It seems as though investors have taken the opportunity to lock in some profits this morning following yesterday’s rally, which saw the FTSE 100 rise to the highest level since 12 September 2008 on relatively low volumes.
Financials took a breather this morning, with the likes of Barclays and HSBC both down by around 1.3% to 319.9p and 751.4p respectively.
Miners were also exerting pressure on the blue-chip index after metal prices retreated on the back of a rebound in the US dollar. The dollar gained after the Federal Reserve chairman Ben Bernanke last night said that the central bank is monitoring currency markets ‘closely’ and will implement policies that will ‘help ensure that the dollar is strong’.
Lonmin was the worst performing miner this morning, down 3.6% to 1677p after Nomura said they ‘remain negative on Lonmin shares after the company disclosed further details about its long-term production prospects.’ The broker has a ‘reduce’ recommendation on the miner’s shares and a price target of 830p.
Other mining sector casualties included Rio Tinto, which fell 1.8% to 3245.5p and Eurasian Natural Resources, which retreated 1.5% to 893p.
Bucking the negative trend this morning was telecommunications firm Cable & Wireless, which rallied 3.2% to 142.8p after saying that its plans to split into two companies is on track and will be completed by April next year.
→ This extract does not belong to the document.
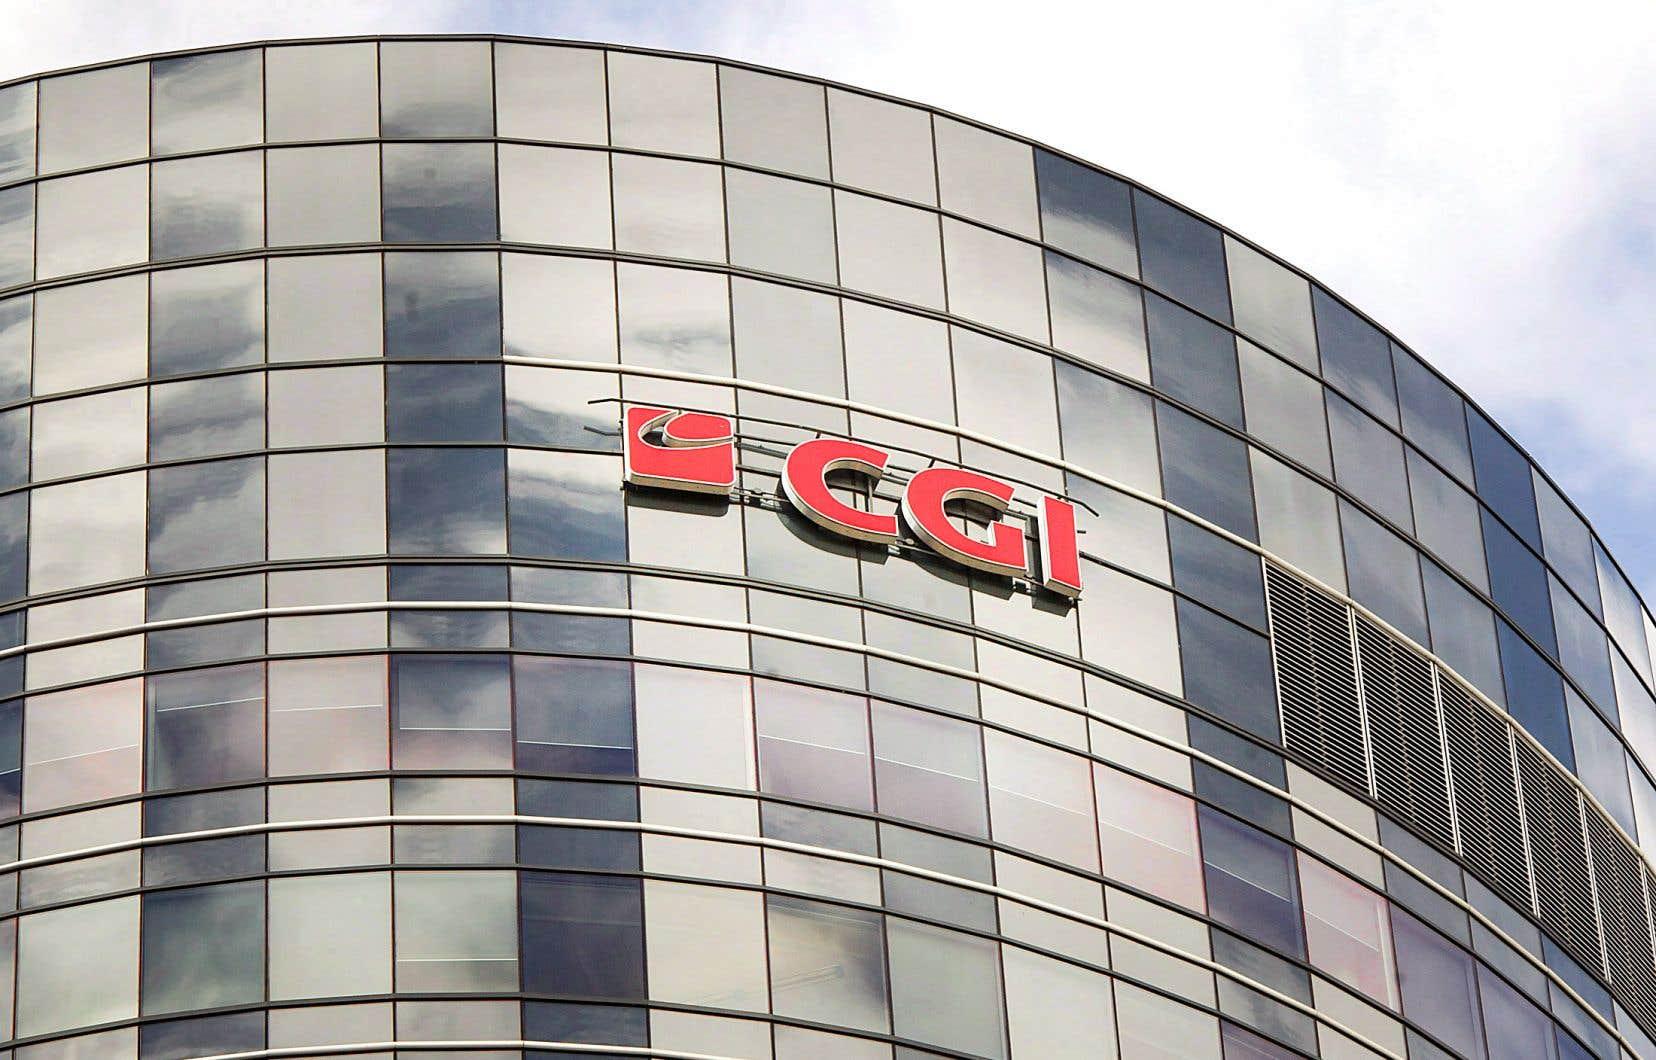 CGI a vu son bénéfice croître de 3,5% au premier trimestre terminé le 31 décembre.

The company also plans to raise £200 million via a convertible bond issue to help fund the demerger.
Interbroker dealer ICAP was also trading in positive terrain, up 1.5% to 430.5p, despite unveiling a 4.5% drop in first-half pre-tax profits (excluding one-off items and impairments) of £166 million. On a positive note, ICAP’s revenues rose 5.9% to £809 million and the company said it is well positioned to benefit as normal trading conditions return.
‘This environment has provided a significant number of opportunities to develop an even more diversified revenue base as a platform for future growth, and we are continuing to invest,’ Chief Executive Officer Michael Spencer said in the statement.
In contrast, luxury retailer Burberry fell 1.3% to 592p despite reporting stronger sales and raising its dividend.
The company posted a 6% rise in first half sales of £572.4 million, thanks to favourable exchange rates. However, once foreign exchange movements were stripped out, sales slid 5%. In addition, first half profits before tax declined 19.2% to £78.4 million. The luxury retailer said that it is in the process of starting a joint venture in India and has raised its dividend by 4% to 3.5p a share.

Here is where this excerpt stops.